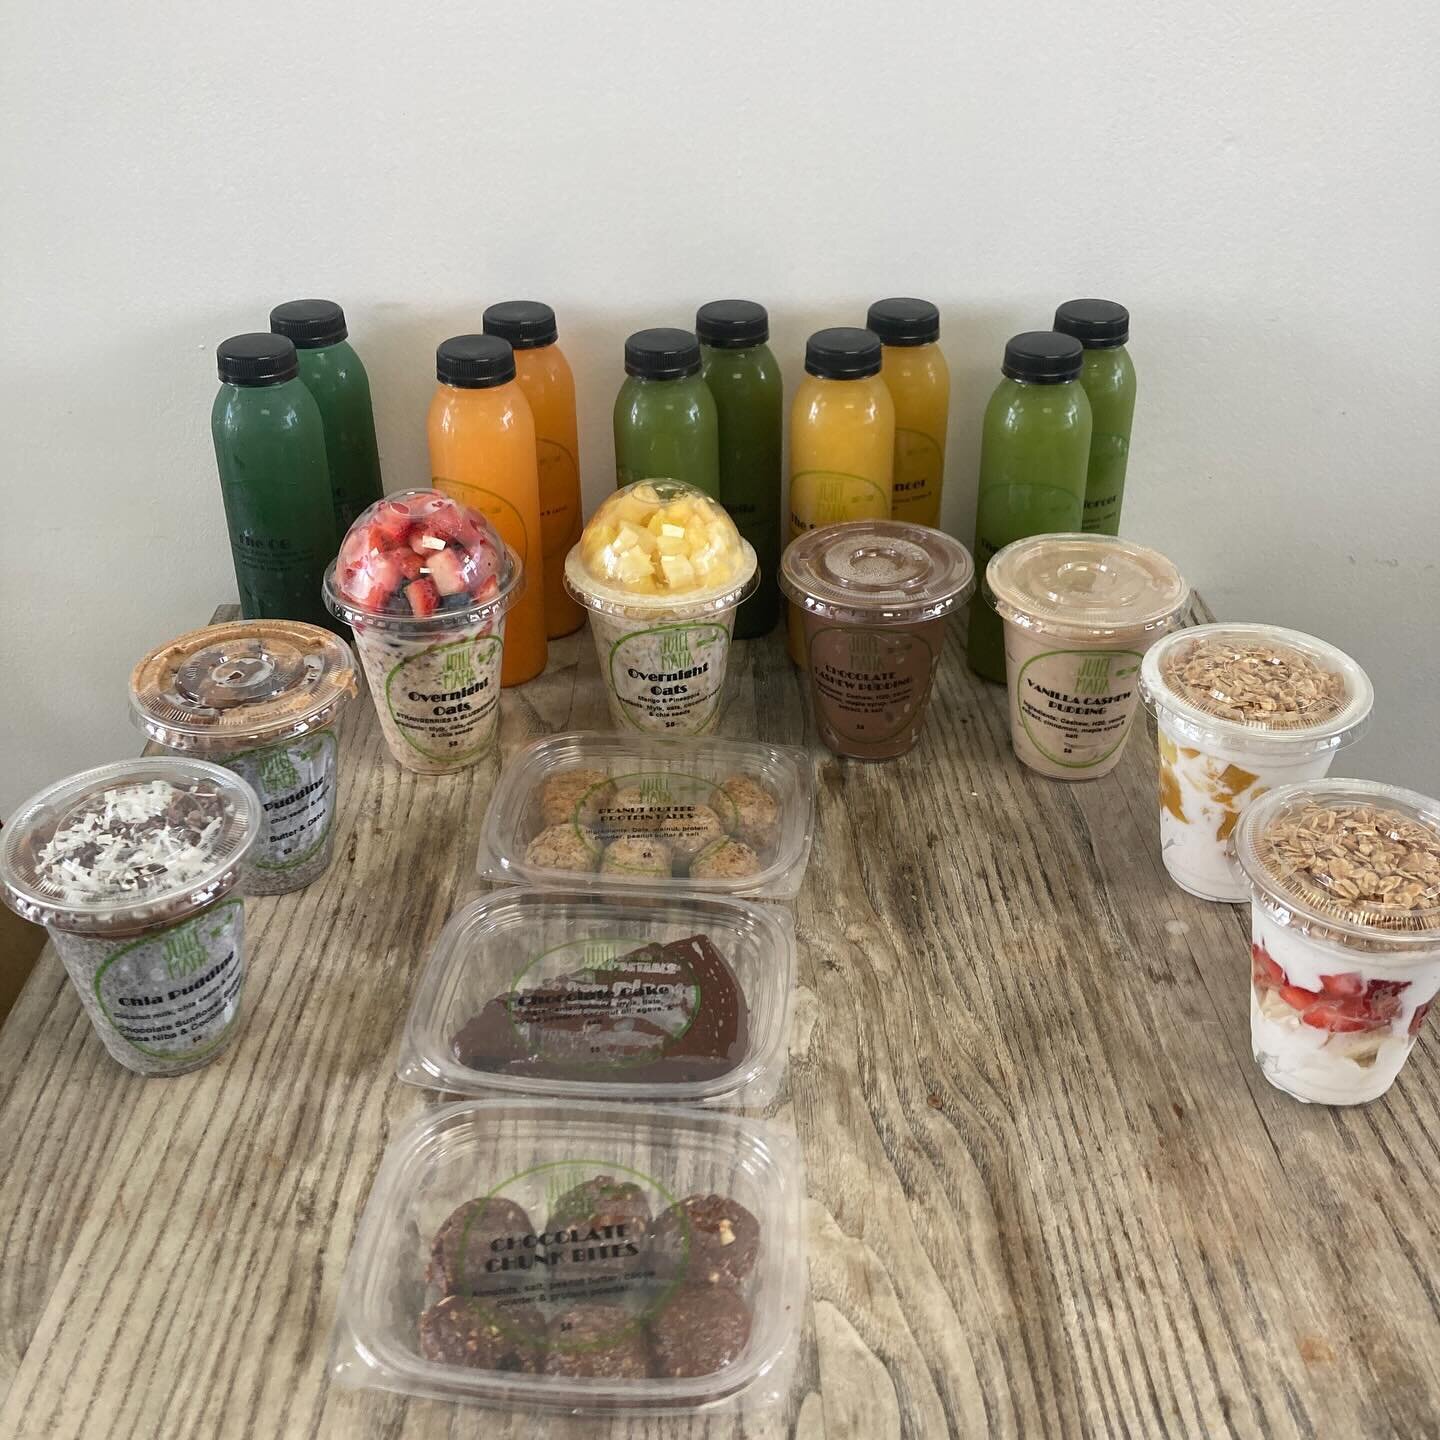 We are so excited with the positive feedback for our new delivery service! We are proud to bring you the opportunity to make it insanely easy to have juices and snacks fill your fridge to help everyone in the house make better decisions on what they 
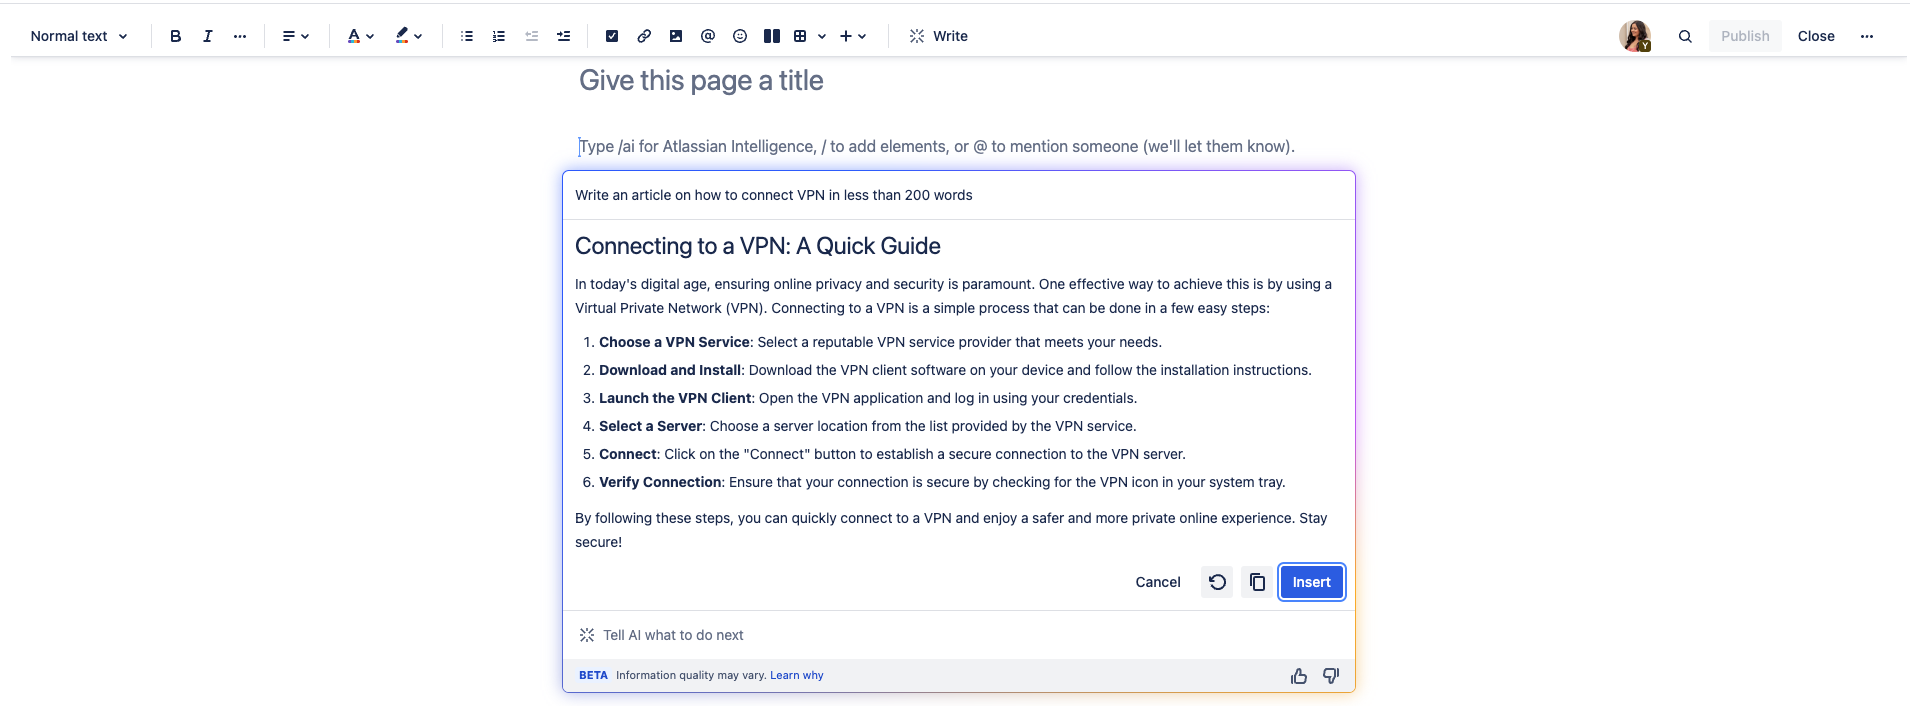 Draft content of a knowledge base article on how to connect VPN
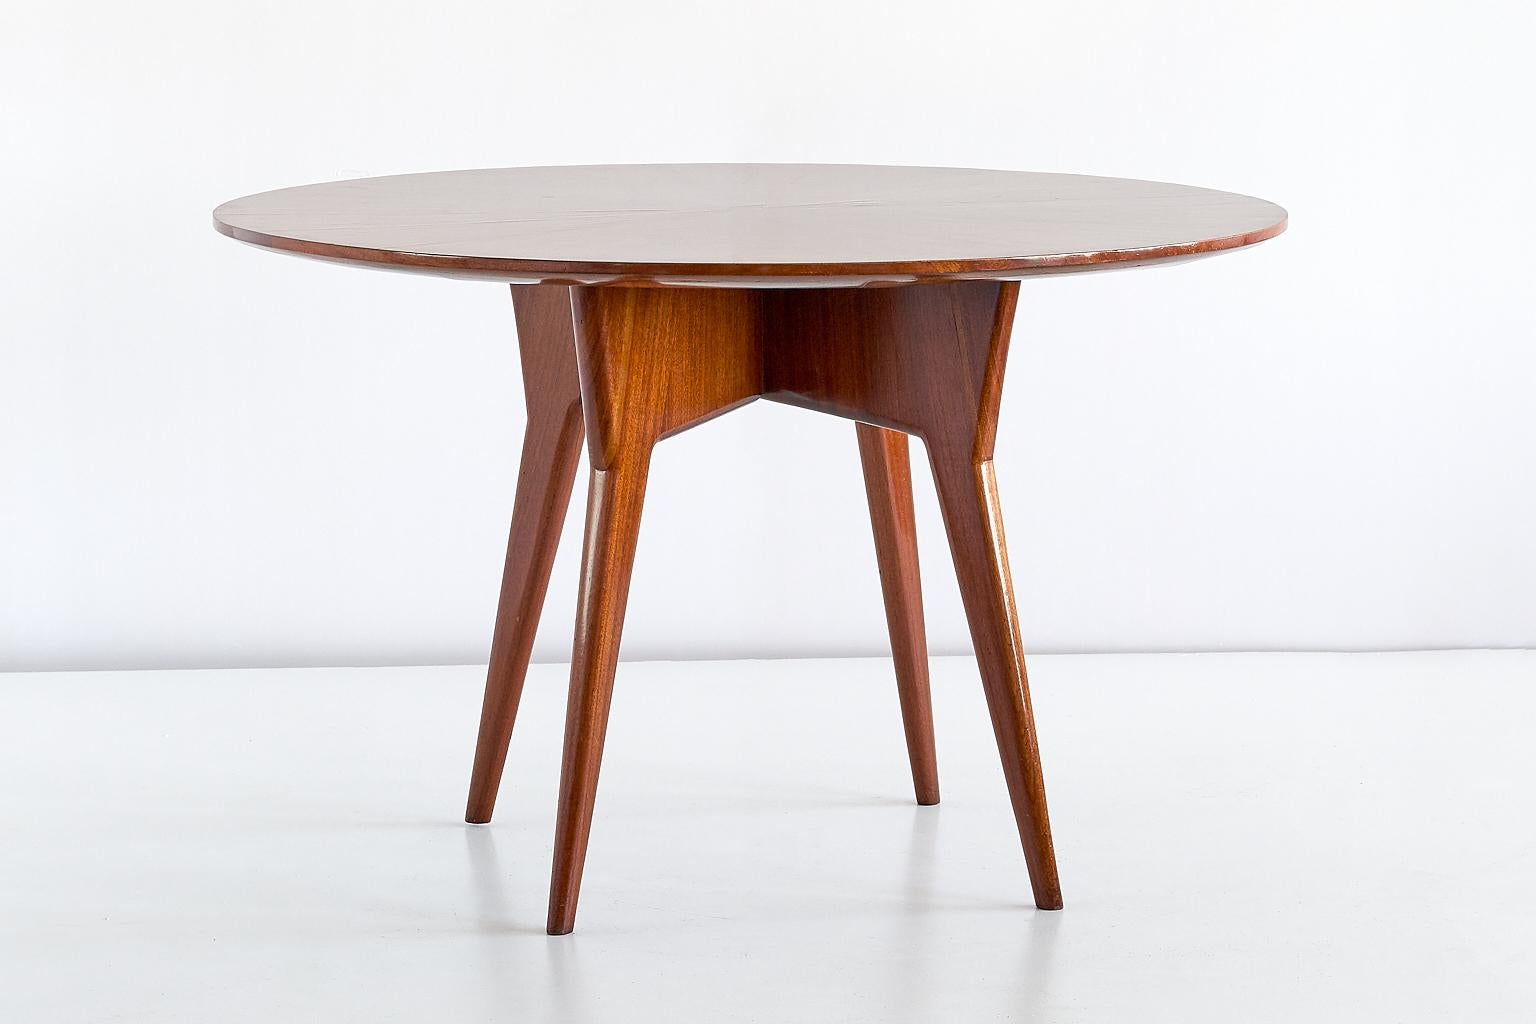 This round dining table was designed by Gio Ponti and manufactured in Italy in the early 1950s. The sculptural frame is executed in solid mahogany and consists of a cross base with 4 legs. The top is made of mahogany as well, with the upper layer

#### Aim of the task:
Restate the material above word for word, so that nothing changes except that the pictures are gone.

#### Solution to the problem:
 We are so excited with the positive feedback for our new delivery service! We are proud to bring you the opportunity to make it insanely easy to have juices and snacks fill your fridge to help everyone in the house make better decisions on what they 
 Draft content of a knowledge base article on how to connect VPN
 This round dining table was designed by Gio Ponti and manufactured in Italy in the early 1950s. The sculptural frame is executed in solid mahogany and consists of a cross base with 4 legs. The top is made of mahogany as well, with the upper layer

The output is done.